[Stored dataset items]
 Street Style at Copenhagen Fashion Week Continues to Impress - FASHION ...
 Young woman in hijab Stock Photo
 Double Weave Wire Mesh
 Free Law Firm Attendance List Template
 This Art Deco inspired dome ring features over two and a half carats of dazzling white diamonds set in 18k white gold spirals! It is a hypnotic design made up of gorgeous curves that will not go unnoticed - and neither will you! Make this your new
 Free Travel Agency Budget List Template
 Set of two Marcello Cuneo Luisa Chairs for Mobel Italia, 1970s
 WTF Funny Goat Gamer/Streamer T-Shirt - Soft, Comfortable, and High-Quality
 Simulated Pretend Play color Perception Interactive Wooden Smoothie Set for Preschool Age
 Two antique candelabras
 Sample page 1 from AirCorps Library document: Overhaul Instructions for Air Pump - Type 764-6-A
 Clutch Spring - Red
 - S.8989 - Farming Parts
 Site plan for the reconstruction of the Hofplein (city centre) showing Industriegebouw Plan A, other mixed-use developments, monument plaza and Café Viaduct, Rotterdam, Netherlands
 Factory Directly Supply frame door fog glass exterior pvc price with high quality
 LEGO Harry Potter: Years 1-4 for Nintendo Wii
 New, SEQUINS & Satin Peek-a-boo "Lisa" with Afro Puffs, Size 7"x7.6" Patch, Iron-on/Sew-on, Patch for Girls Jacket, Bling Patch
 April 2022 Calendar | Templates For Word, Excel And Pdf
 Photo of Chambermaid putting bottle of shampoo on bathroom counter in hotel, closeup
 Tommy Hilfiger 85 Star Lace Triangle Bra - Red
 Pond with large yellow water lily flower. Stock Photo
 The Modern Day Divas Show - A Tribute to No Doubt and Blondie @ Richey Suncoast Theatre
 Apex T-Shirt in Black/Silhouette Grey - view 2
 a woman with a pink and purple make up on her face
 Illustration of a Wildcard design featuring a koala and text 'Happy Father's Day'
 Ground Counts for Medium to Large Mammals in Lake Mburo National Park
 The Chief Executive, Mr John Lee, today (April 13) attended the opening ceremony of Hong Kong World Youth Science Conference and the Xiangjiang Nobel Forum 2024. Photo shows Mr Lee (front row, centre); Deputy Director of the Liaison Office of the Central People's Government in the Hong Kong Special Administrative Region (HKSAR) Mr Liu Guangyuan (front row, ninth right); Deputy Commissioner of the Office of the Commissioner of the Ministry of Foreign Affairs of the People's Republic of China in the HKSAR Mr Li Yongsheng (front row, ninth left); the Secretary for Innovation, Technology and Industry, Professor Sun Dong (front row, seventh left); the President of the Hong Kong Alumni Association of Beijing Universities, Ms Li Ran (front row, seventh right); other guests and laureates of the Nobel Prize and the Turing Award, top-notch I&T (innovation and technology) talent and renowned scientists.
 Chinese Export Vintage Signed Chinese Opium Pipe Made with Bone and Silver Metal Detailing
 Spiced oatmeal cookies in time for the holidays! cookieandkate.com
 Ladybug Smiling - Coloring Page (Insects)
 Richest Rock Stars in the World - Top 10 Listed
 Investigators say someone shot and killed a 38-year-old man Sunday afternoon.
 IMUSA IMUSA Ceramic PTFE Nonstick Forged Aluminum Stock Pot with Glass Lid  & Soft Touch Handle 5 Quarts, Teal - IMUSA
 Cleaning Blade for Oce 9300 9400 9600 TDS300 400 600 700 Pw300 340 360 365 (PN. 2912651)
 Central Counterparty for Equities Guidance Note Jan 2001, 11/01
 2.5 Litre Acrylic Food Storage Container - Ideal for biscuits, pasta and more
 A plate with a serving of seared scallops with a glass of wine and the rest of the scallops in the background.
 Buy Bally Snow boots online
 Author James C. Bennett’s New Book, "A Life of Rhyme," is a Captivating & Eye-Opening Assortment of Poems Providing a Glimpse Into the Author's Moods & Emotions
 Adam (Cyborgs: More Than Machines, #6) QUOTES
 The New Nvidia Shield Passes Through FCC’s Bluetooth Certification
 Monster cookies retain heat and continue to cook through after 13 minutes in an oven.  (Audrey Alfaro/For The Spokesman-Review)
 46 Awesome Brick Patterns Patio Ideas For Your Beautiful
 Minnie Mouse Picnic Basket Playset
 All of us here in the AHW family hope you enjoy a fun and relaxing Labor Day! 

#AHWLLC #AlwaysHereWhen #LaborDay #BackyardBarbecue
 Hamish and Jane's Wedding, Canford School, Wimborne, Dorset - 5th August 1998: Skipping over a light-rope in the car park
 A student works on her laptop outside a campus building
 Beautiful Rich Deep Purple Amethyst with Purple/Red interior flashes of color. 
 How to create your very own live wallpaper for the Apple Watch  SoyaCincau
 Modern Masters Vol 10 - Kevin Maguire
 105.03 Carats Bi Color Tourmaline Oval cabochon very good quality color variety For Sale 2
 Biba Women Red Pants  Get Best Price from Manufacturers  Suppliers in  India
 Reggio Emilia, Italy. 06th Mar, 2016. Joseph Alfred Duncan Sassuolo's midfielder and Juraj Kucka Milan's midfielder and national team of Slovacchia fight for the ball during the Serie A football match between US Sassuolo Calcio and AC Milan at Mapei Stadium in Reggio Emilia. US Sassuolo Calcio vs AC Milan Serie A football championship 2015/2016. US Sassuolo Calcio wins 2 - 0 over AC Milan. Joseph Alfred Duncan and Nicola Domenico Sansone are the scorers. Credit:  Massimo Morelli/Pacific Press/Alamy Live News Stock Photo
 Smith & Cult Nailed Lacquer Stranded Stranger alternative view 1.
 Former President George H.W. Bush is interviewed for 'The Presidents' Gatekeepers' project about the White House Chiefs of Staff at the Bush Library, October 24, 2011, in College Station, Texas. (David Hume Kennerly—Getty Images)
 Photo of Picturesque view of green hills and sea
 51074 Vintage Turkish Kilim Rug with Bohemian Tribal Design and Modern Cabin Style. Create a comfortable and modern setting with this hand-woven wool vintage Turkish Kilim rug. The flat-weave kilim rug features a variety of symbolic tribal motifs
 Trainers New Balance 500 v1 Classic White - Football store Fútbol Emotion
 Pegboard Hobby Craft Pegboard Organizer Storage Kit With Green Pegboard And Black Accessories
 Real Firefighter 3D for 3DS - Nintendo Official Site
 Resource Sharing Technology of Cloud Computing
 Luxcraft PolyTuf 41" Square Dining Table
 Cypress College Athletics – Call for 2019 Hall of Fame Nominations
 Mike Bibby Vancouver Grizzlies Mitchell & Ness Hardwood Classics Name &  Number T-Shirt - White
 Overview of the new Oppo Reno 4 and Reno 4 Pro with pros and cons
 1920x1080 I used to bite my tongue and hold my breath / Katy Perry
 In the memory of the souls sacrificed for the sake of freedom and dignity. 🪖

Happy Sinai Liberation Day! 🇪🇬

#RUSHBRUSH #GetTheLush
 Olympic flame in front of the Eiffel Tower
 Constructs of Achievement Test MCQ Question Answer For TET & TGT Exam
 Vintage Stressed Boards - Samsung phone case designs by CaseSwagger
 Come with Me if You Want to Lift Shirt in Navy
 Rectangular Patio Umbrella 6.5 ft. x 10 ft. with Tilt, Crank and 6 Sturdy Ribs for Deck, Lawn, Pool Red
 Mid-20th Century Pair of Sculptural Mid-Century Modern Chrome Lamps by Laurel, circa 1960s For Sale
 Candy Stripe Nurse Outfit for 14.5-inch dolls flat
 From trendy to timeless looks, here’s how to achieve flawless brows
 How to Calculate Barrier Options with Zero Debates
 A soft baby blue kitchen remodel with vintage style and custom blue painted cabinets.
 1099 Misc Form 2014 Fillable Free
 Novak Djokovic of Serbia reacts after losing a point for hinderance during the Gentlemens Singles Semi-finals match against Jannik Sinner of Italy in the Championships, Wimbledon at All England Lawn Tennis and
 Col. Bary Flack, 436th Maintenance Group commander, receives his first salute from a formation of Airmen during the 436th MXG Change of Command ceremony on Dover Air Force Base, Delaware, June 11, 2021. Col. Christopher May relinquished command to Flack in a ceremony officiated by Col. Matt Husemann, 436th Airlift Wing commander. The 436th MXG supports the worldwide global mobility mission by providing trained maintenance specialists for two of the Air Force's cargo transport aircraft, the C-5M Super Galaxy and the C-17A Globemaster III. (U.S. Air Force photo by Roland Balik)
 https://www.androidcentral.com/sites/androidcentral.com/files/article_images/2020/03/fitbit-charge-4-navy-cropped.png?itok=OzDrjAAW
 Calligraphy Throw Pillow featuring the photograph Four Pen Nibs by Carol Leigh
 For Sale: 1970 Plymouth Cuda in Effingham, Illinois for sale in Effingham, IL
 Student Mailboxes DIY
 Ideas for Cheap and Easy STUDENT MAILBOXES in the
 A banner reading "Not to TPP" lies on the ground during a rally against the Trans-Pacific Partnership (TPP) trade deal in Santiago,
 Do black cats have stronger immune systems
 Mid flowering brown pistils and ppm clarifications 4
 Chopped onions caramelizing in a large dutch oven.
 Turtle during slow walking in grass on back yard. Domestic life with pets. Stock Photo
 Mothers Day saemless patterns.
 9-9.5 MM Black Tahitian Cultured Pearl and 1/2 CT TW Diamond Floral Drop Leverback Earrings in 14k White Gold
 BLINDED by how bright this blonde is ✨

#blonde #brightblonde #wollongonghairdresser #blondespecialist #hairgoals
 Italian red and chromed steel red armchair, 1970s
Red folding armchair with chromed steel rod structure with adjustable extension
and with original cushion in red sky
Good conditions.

Task to complete => Above are the lines; repeat exactly the ones from the line containing "Overview of the" down to the line containing "Vintage Stressed Boards", both inclusive.

Written solution =>
 Overview of the new Oppo Reno 4 and Reno 4 Pro with pros and cons
 1920x1080 I used to bite my tongue and hold my breath / Katy Perry
 In the memory of the souls sacrificed for the sake of freedom and dignity. 🪖

Happy Sinai Liberation Day! 🇪🇬

#RUSHBRUSH #GetTheLush
 Olympic flame in front of the Eiffel Tower
 Constructs of Achievement Test MCQ Question Answer For TET & TGT Exam
 Vintage Stressed Boards - Samsung phone case designs by CaseSwagger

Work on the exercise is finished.